Рошель попросила его сообщить свое имя и номер телефона.

Соедините с ним.

Она снова спросила его имя, и разговор прервался.

Цукерман подал голос:

— Привет, я на линии. В чем там дело?

— А, мистер Цукерман, приветствую.

— Что это было? Вы что-нибудь поняли?

— Это мог быть просто какой-то псих, мистер Цукерман. Я бы не стала беспокоиться.

Она работает по ночам, она-то знает.

— Вам не показалось, что звонивший пытался изменить свой голос?

— Возможно. Или под кайфом. Я бы не стала беспокоиться, мистер Цукерман.

Почта. Сегодня вечером одиннадцать писем — одно из конторы Андре на Западном побережье и десять (пока что в среднем в день столько и бывает), пересланные издателем в одном большом конверте. Из них шесть адресованы Натану Цукерману, три — Гилберту Карновскому, одно, посланное на издательство, адресовано просто «Врагу евреев» и переслано запечатанным. Ребята в экспедиции весьма сообразительные.

Заманчивыми бывали только письма с пометкой «Фото. Не сгибать», но в этой кучке их не было. Пока что он получил таких только пять, и самым интригующим было первое, от молоденькой секретарши из Нью-Джерси, которая приложила цветную фотографию, где она в черном белье лежит на своей лужайке в Ливингстоне и читает роман Джона Апдайка. Трехколесный велосипед, валявшийся в углу снимка, заставлял усомниться в том, что она одинокая, как утверждалось в ее приложенной автобиографии. Однако, исследовав снимок при помощи лупы от «Краткого Оксфордского словаря английского языка», он не обнаружил на ее теле признаков того, что оно носило ребенка или терпело какие-то лишения. Возможно, владелец велосипеда просто проезжал мимо и поспешил слезть, когда его попросили сделать снимок. Цукерман то и дело рассматривал фотографию почти все утро, а затем переслал ее в Массачусетс, присовокупив записку, где просил Апдайка оказать ему любезность и пересылать по ошибке посланные ему фотографии читателей Цукермана.

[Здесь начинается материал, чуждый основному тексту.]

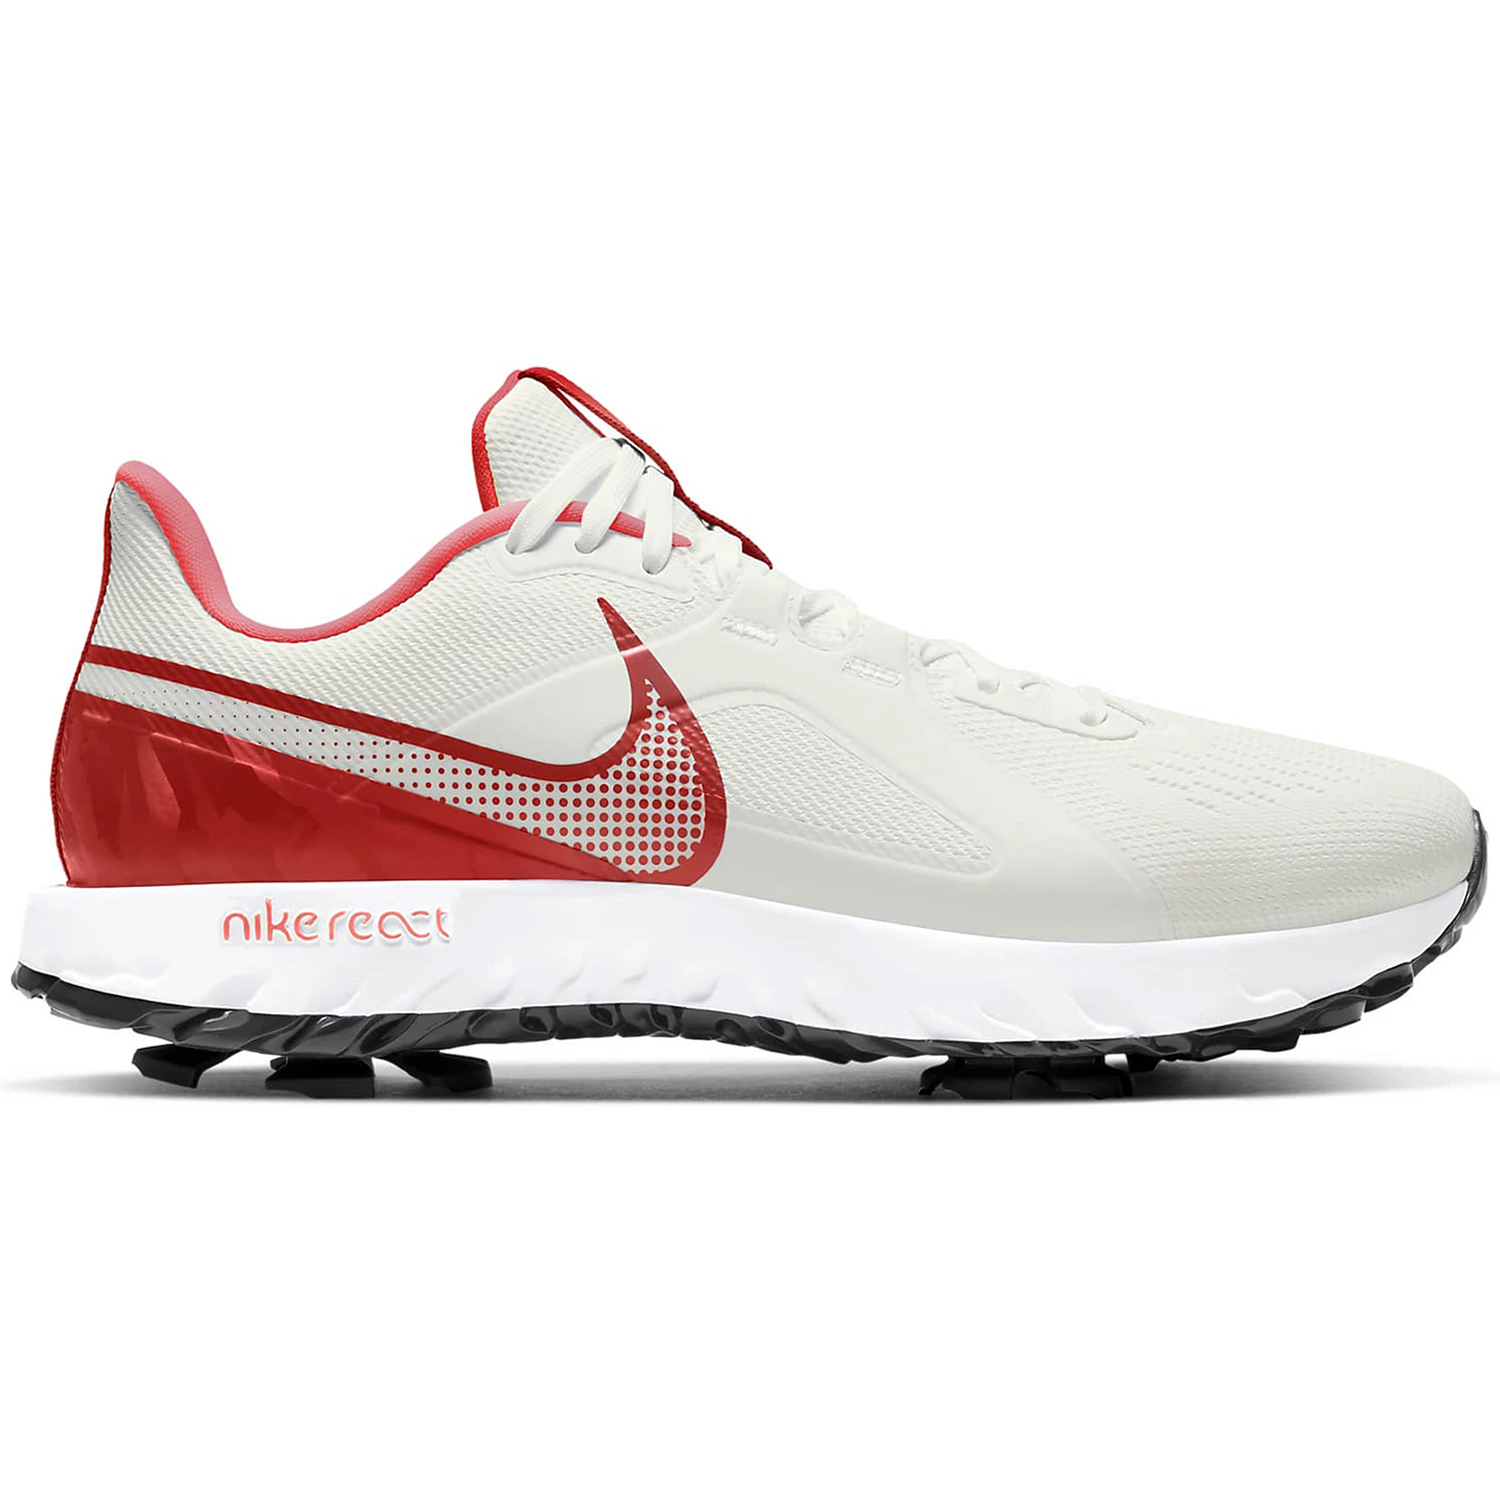 Nike React Infinity Pro Golf Shoes Sail/Magic Ember/White | Scottsdale Golf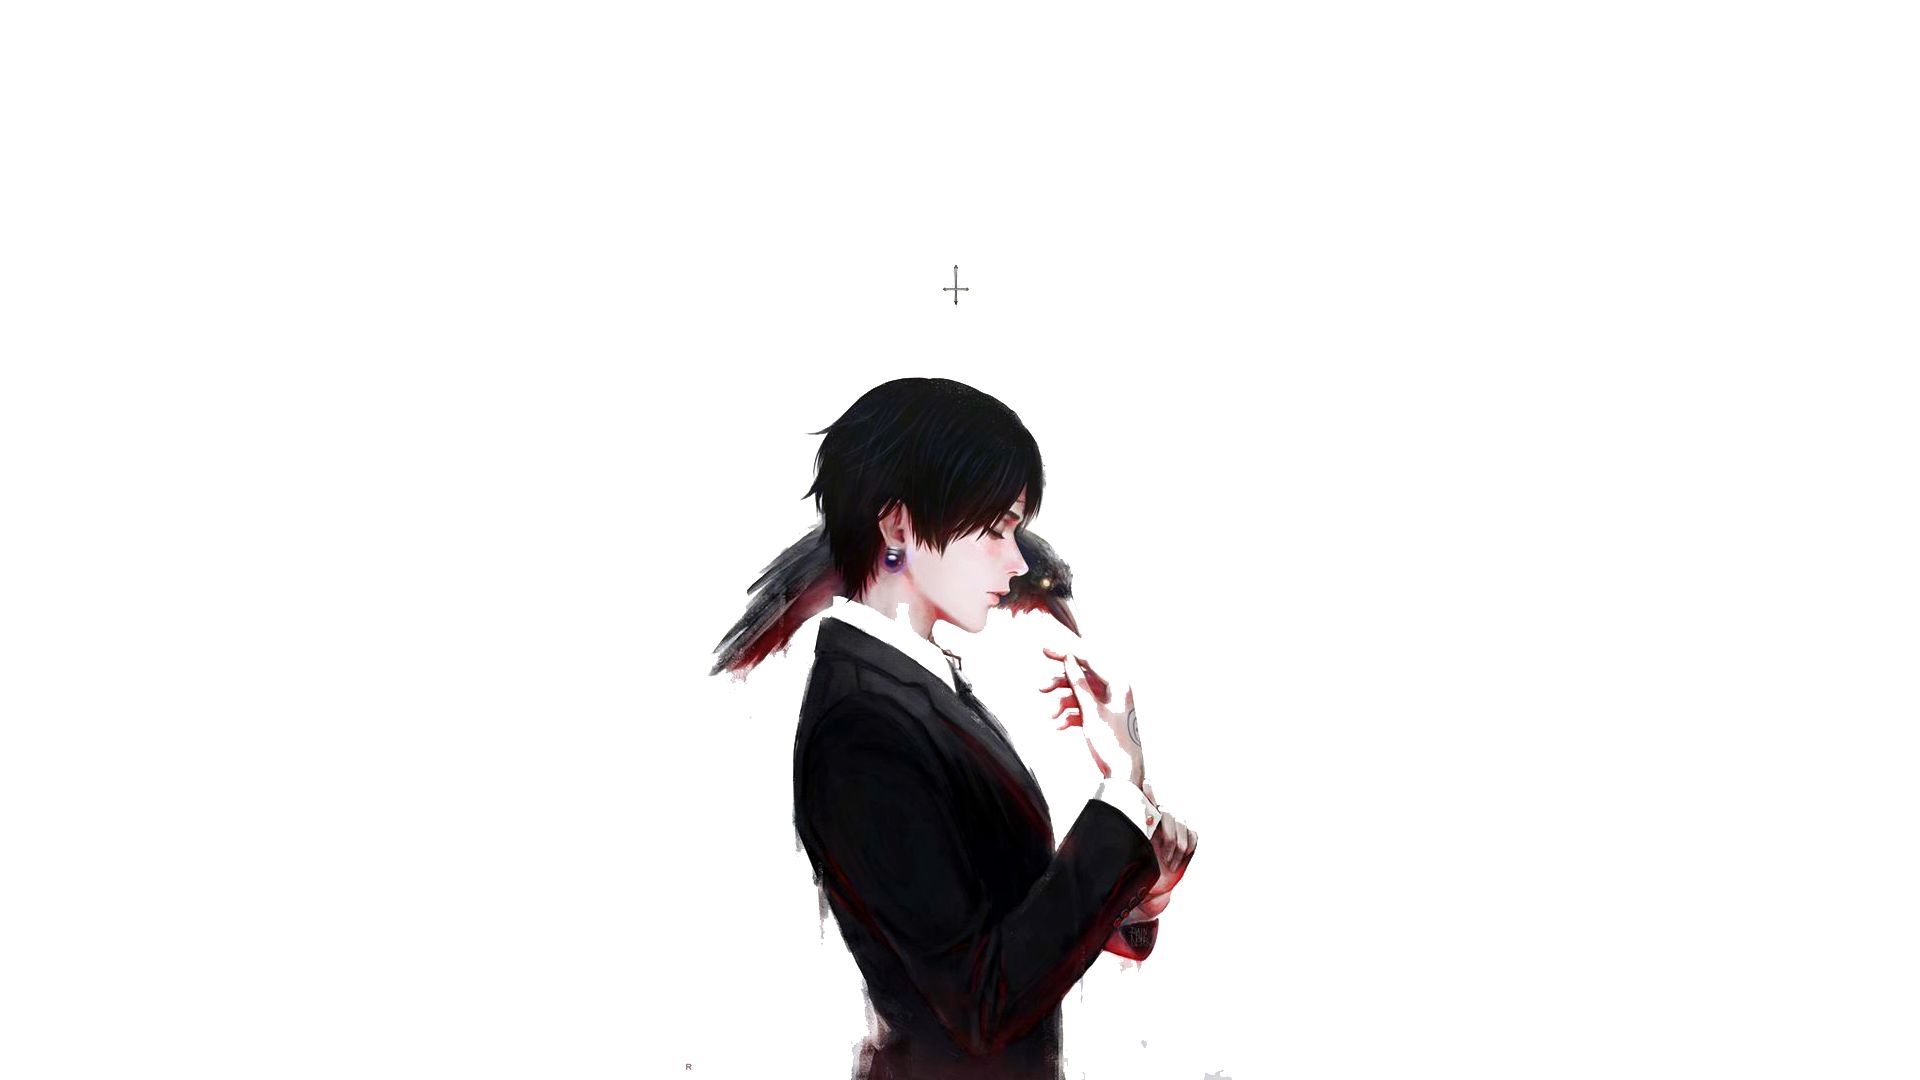 Wallpaper ID 625899  Chrollo Lucifer anime Hunter x Hunter 720P free  download

От конторы Андре пришла вырезка из «Вэрай-ети», помеченная инициалами секретарши с Западного побережья: она, восхищаясь творчеством Цукермана, посылала ему статьи из прессы по шоу-бизнесу, которые он мог иначе пропустить. В самой свежей красным было подчеркнуто: «Независимый издатель Боб Спящая Лагуна заплатил почти миллион за незаконченное продолжение сверхуспешного романа Натана Цукермана…»

Да неужели? Какое продолжение? Что за Лагуна? Друг Пате и Гибралтар? Почему она мне это шлет?!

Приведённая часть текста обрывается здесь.